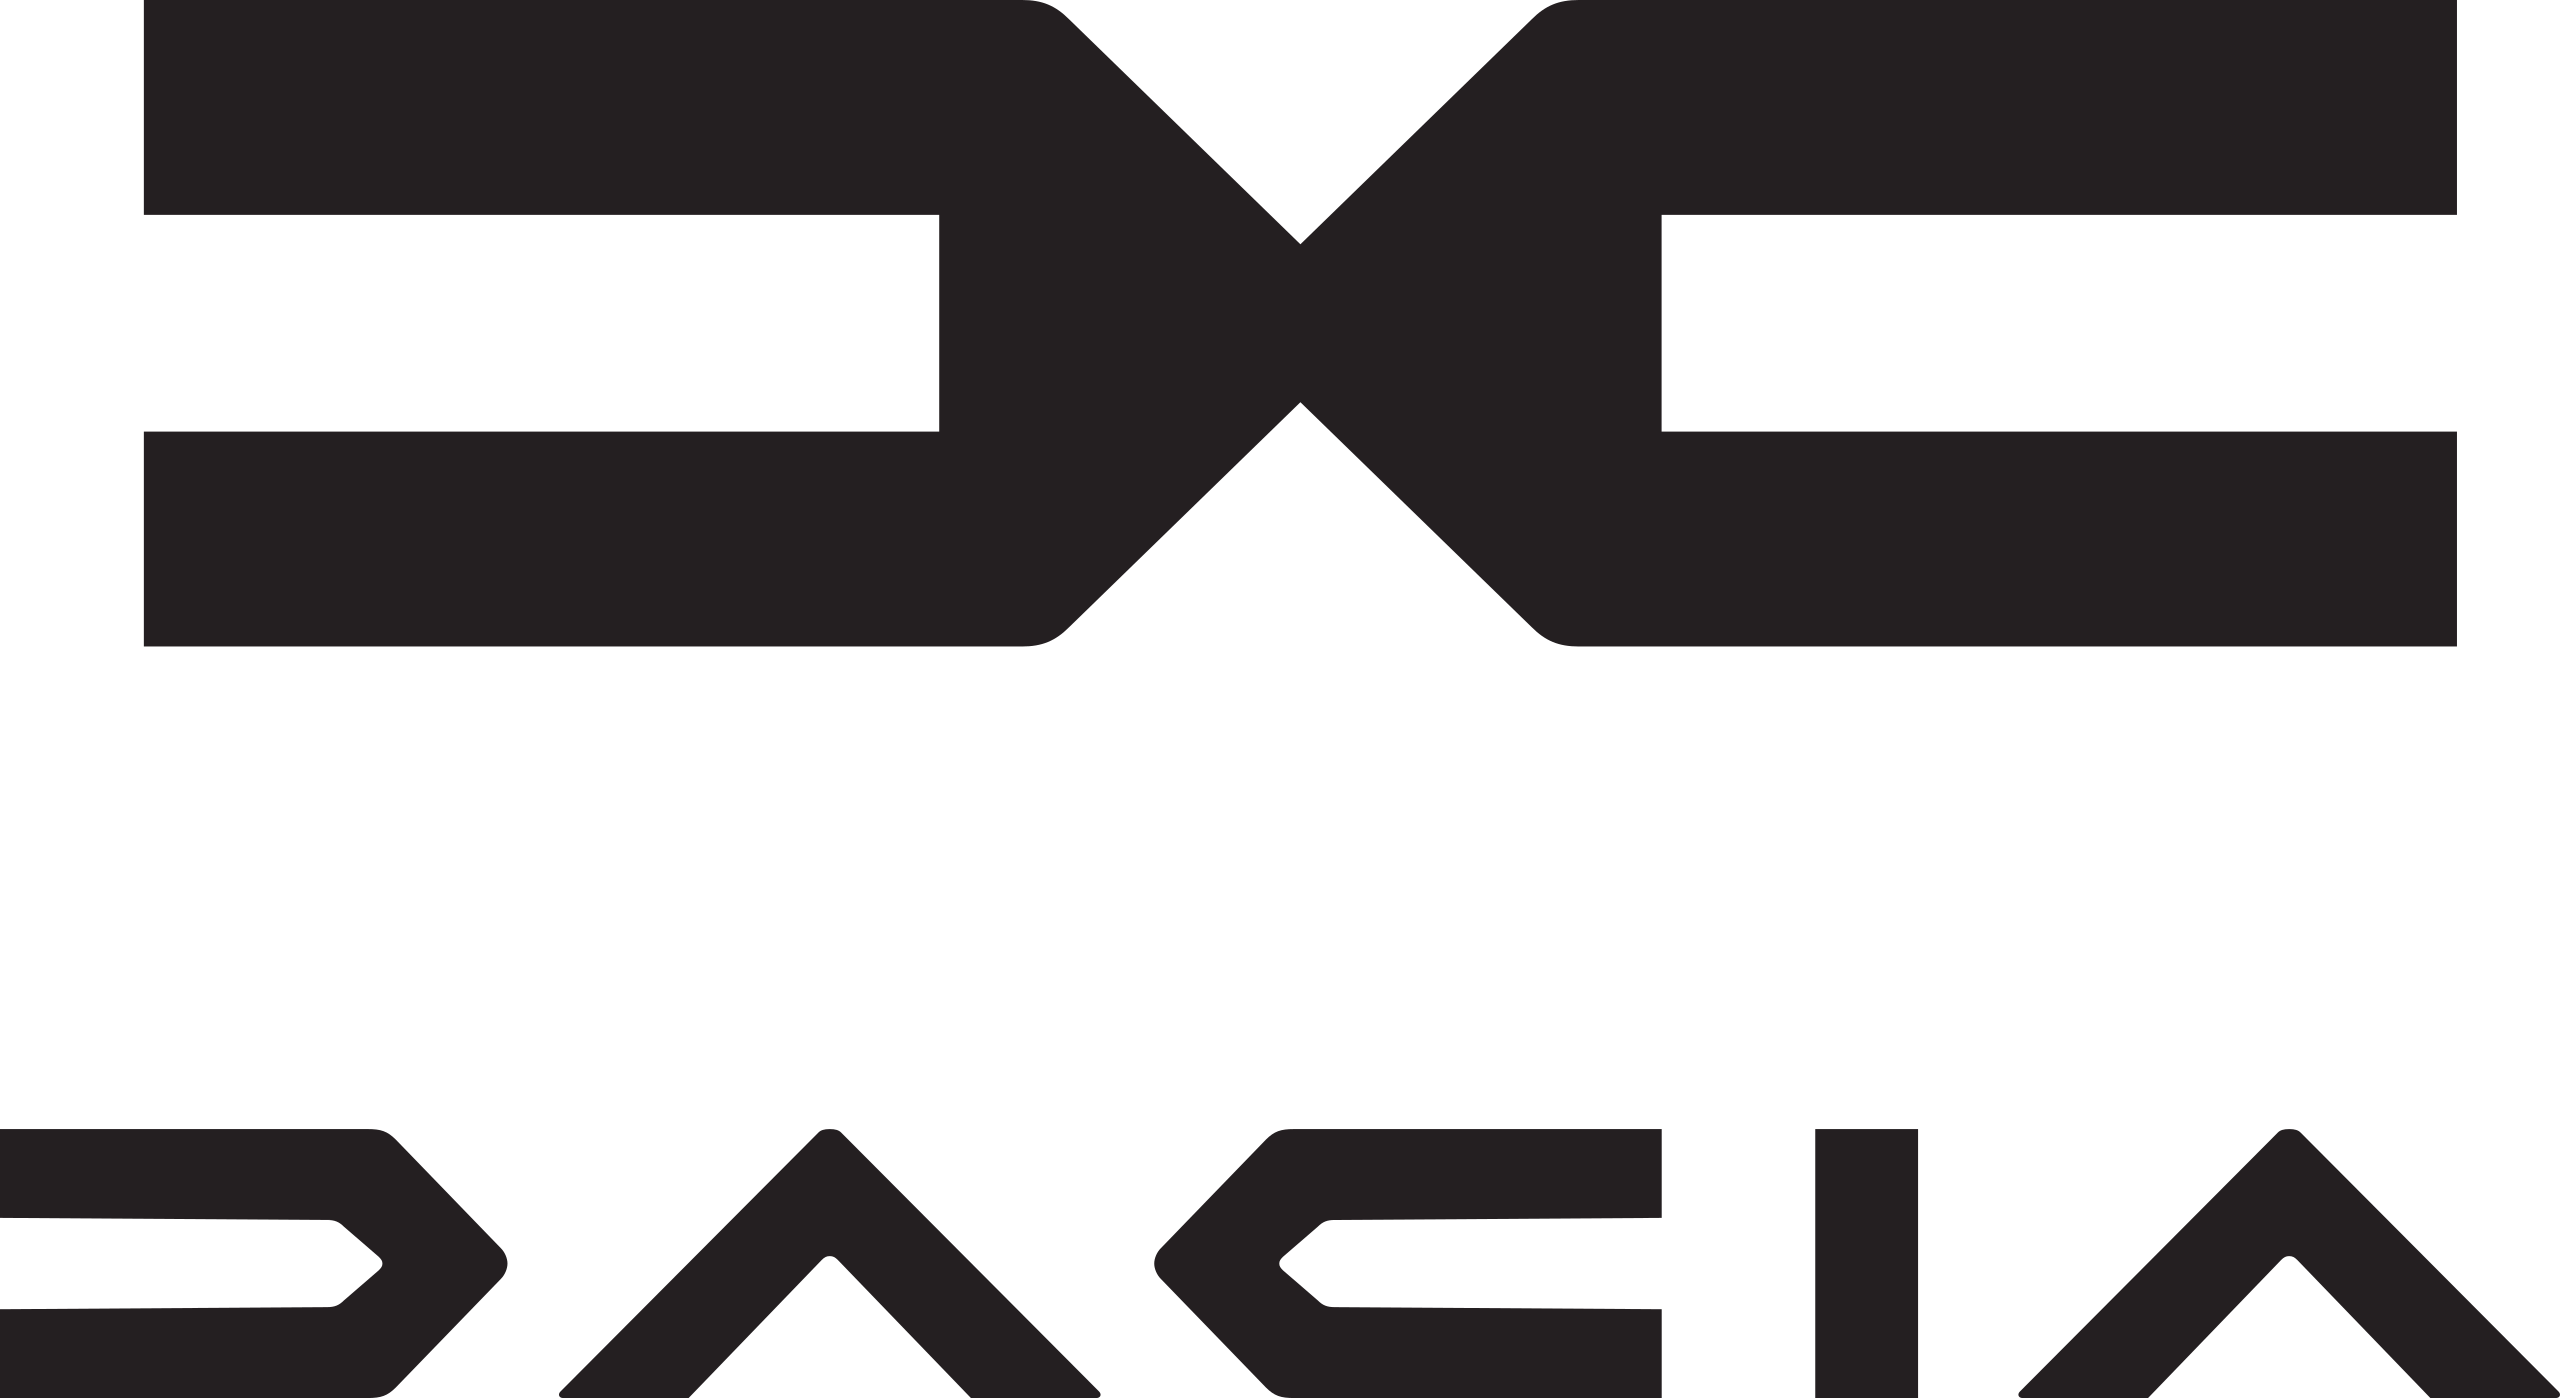 Logo de la marque Dacia
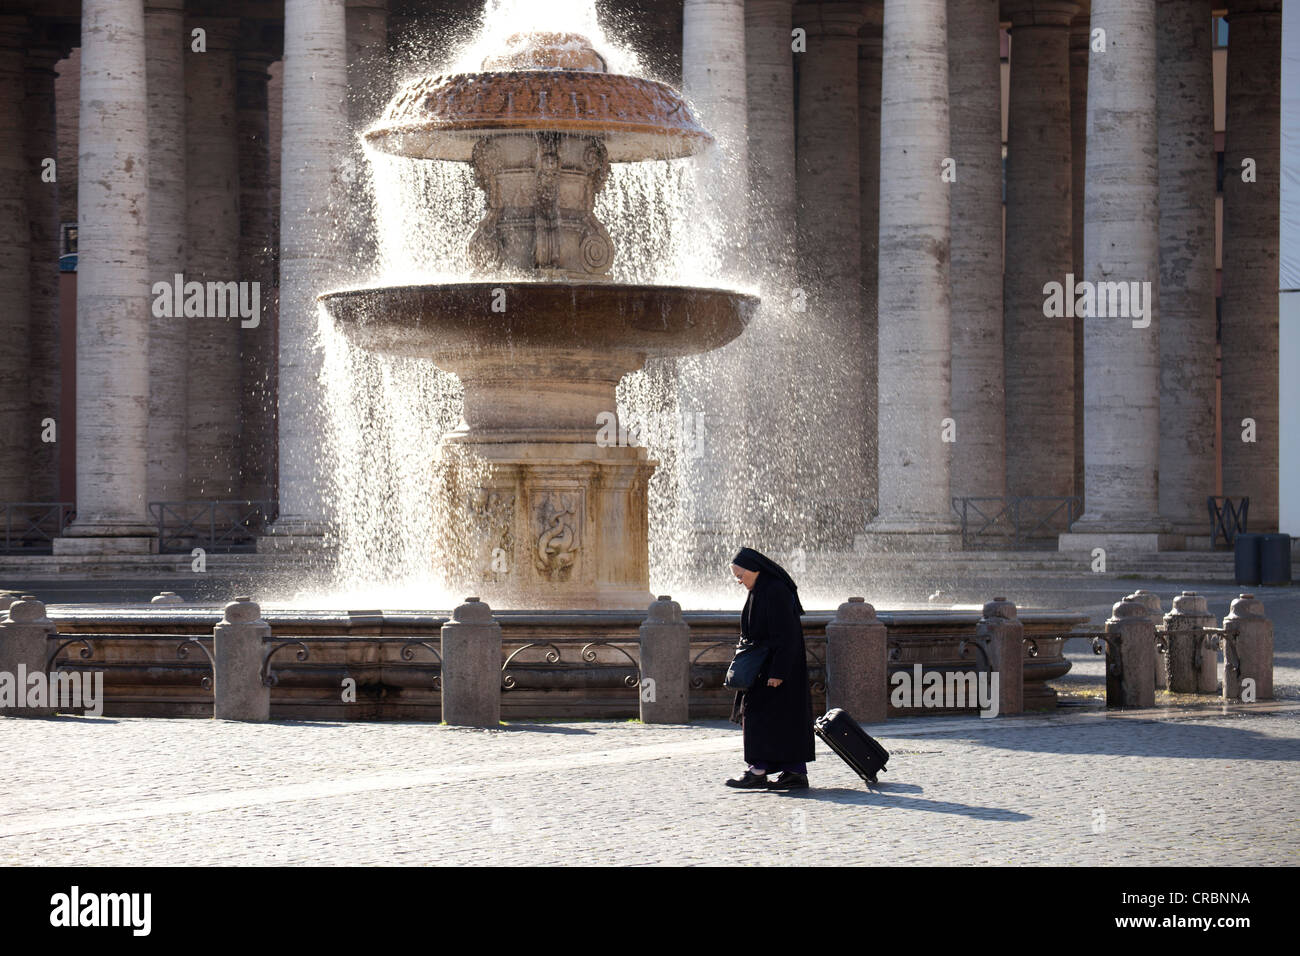 Nun en face d'une fontaine dans la place Saint Pierre à Rome, Italie, Europe Banque D'Images
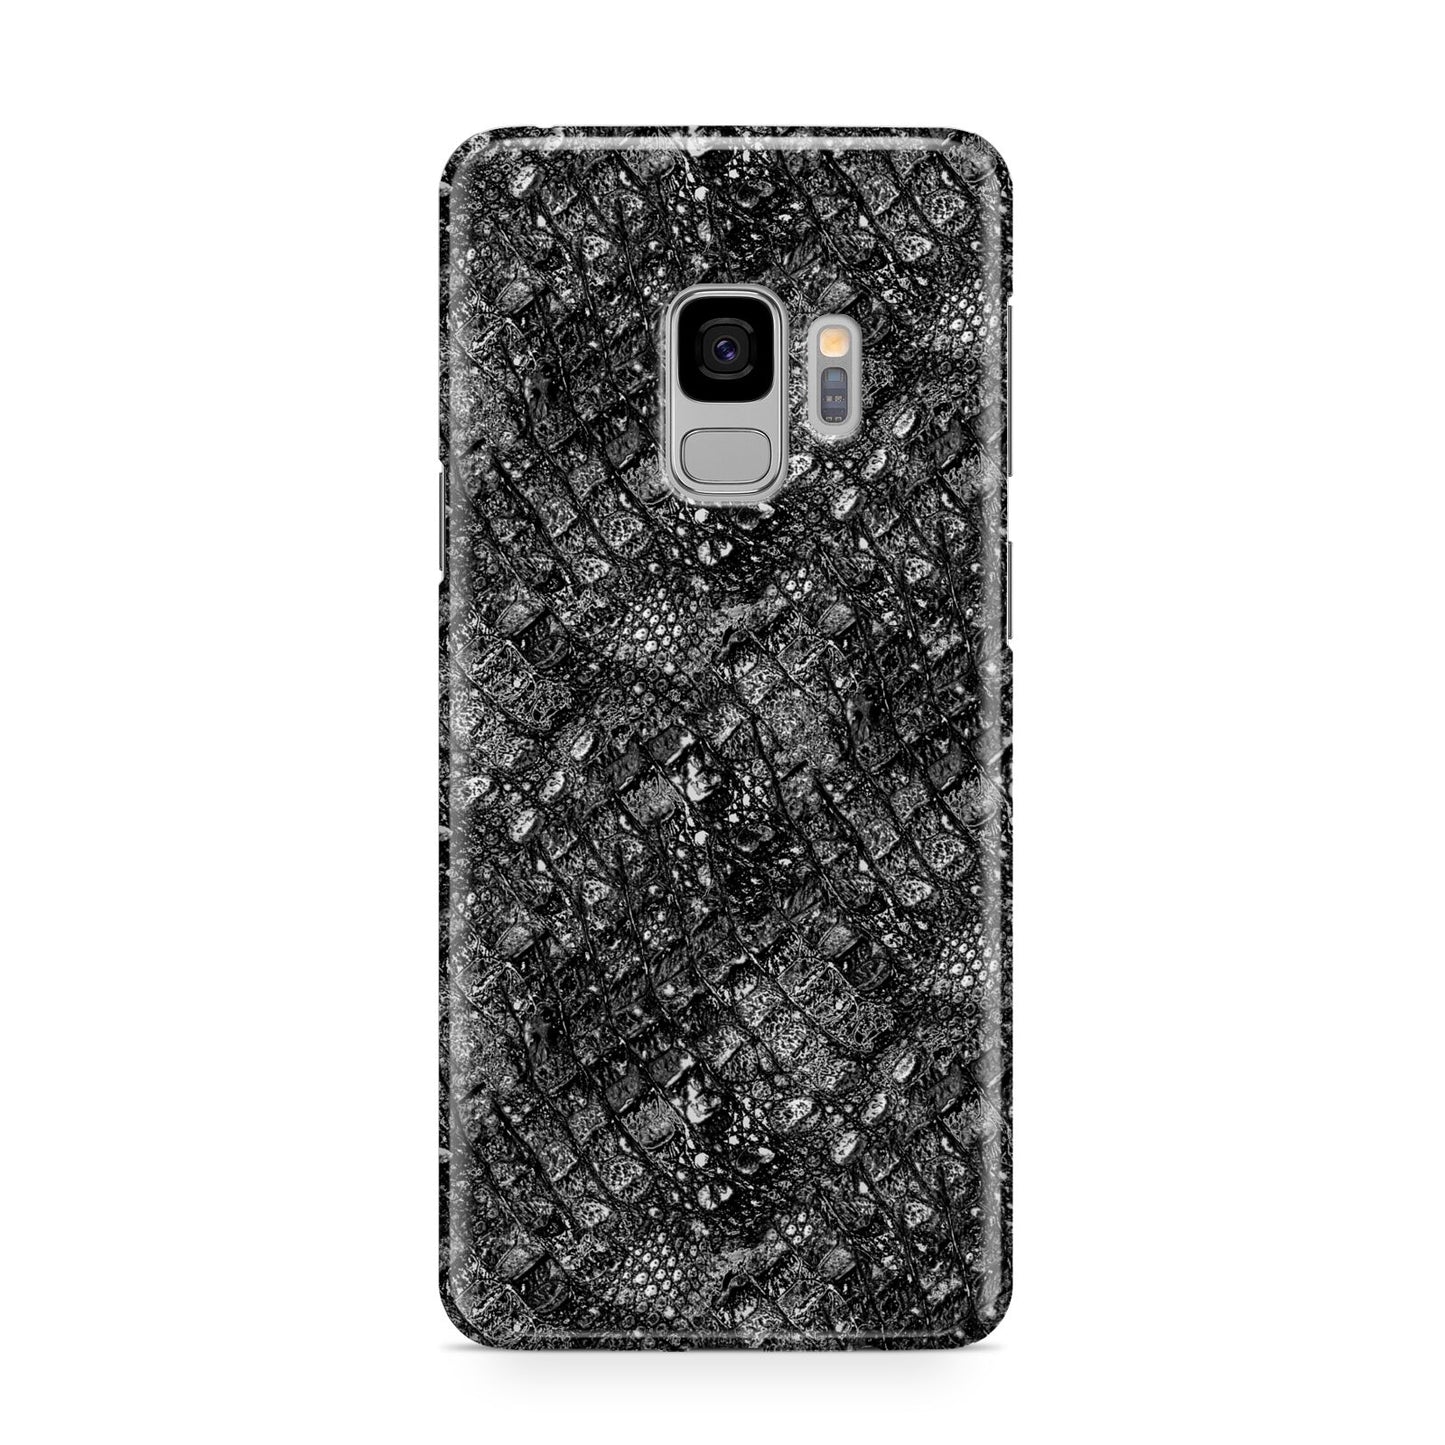 Snakeskin Design Samsung Galaxy S9 Case

◆ ◆ ◆ ◆

__Assignment__.
Could you restate the material word for word, skipping any pictures it holds?

__Reply to the task__.
 Logo de la marque Dacia
 Nun en face d'une fontaine dans la place Saint Pierre à Rome, Italie, Europe Banque D'Images
 Snakeskin Design Samsung Galaxy S9 Case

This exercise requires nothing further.